Using .htaccess is efficient. You could, in theory, handle (nearly) everything in PHP, but this would add serious overhead, both memory and speed wise. Others have adapted the rules for NGINX, a few like me use IIS with URL Rewrite to power PW, but in all cases, it makes sense to filter and rewrite requests in the web server itself.

The topic of supporting more platforms than just Apache out of the box has been brought up a few times already here in the forums. Ryan himself is not opposed to it, but he lacks the time to develop and test the rule sets, and he is of course wary of including anything that hasn't been well tested or that might end up without active support (any changes he makes for .htaccess need to be quickly adapted for other platforms). So I guess it would need a team of knowledgeable volunteers who develop the rules, adapt the installer script, test everything well and provide quick support before he considers integration into the PW project.

  • Like 10
Link to comment
Share on other sites

Relying on .htaccess is not really uncommon for php cms's out there. Some are more minimal on utilising apache, processwire is probably more on the "take what we can get"-side.
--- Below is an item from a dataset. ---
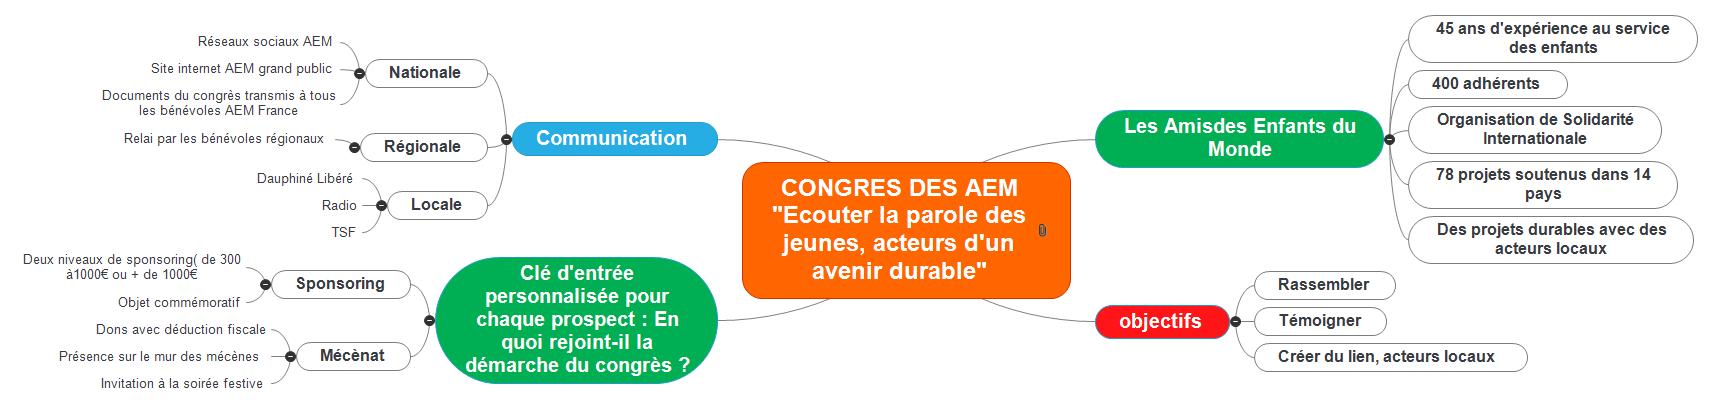 CONGRES DES AEM 2022 Mind Maps
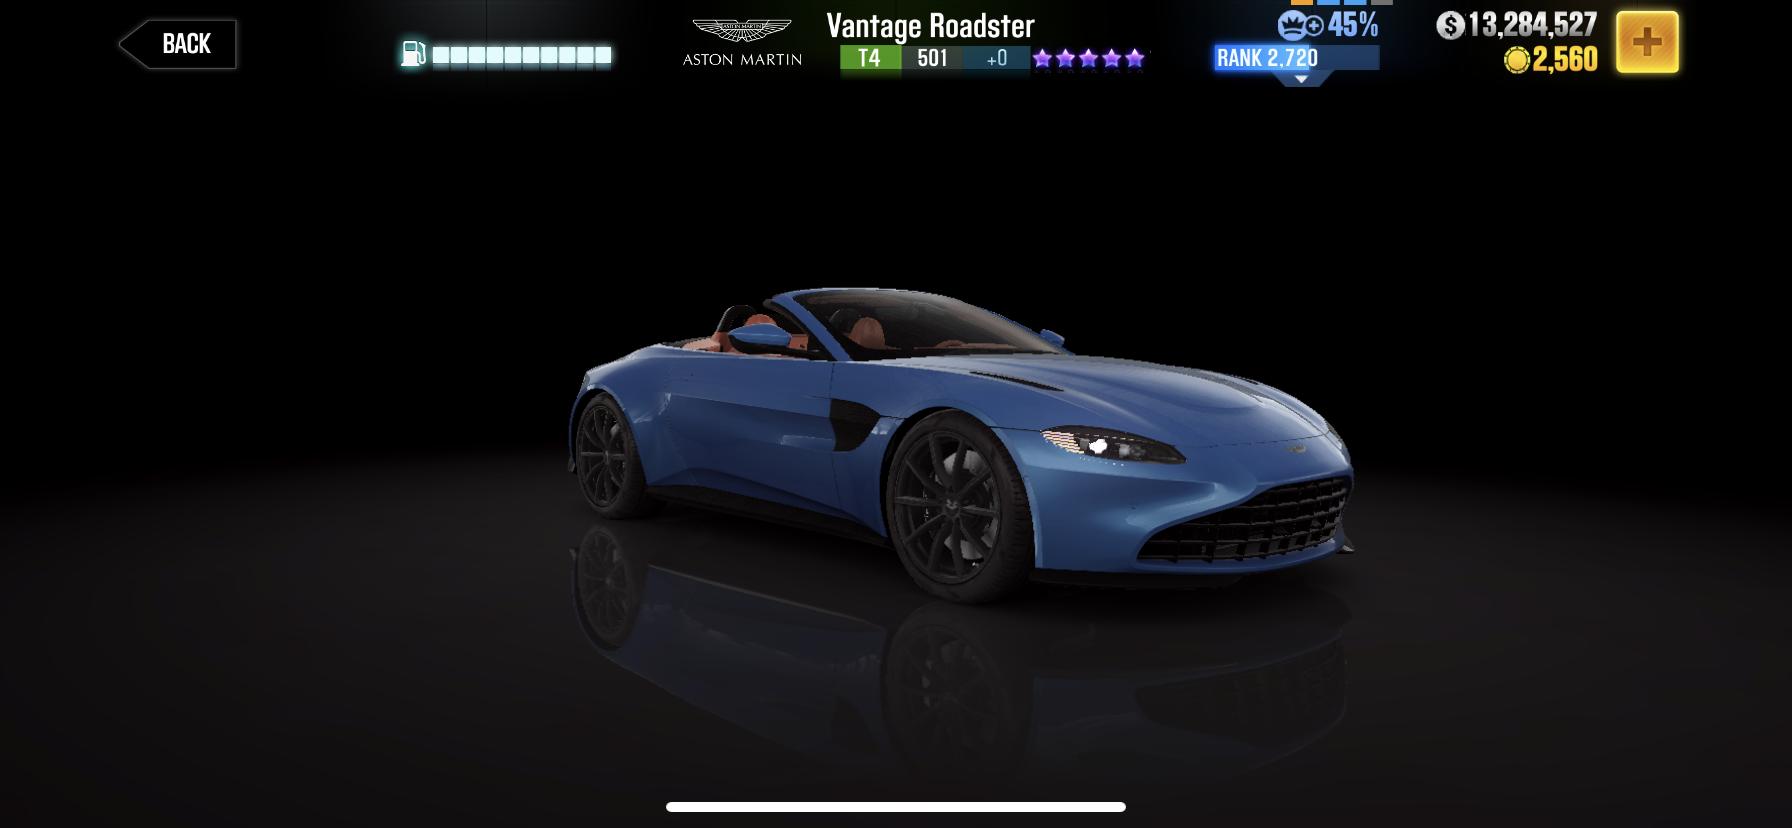 Aston Martin Vantage Roadster Csr Racing Wiki Fandom

Having php serve everything – especially static assets – is just not performant enough in any way. That's the reason for needing to rely on the webserver in front of php in the first place. The reason for apache specifically is because of .htaccess. Other webservers are usually only statically configurable, which is a deal-breaker for any shared-hoster, where a (global) webserver cannot be restarted whenever a single user needs to change his configuration. So if you only support one webserver, it better be apache. 

  • Like 12
Link to comment
Share on other sites

Sorry to be the guy that comes back like, "wait a minute!"–but I'm still thinking about this.

Originally, I was asking, "does ProcessWire need .htaccess, and if so, why?"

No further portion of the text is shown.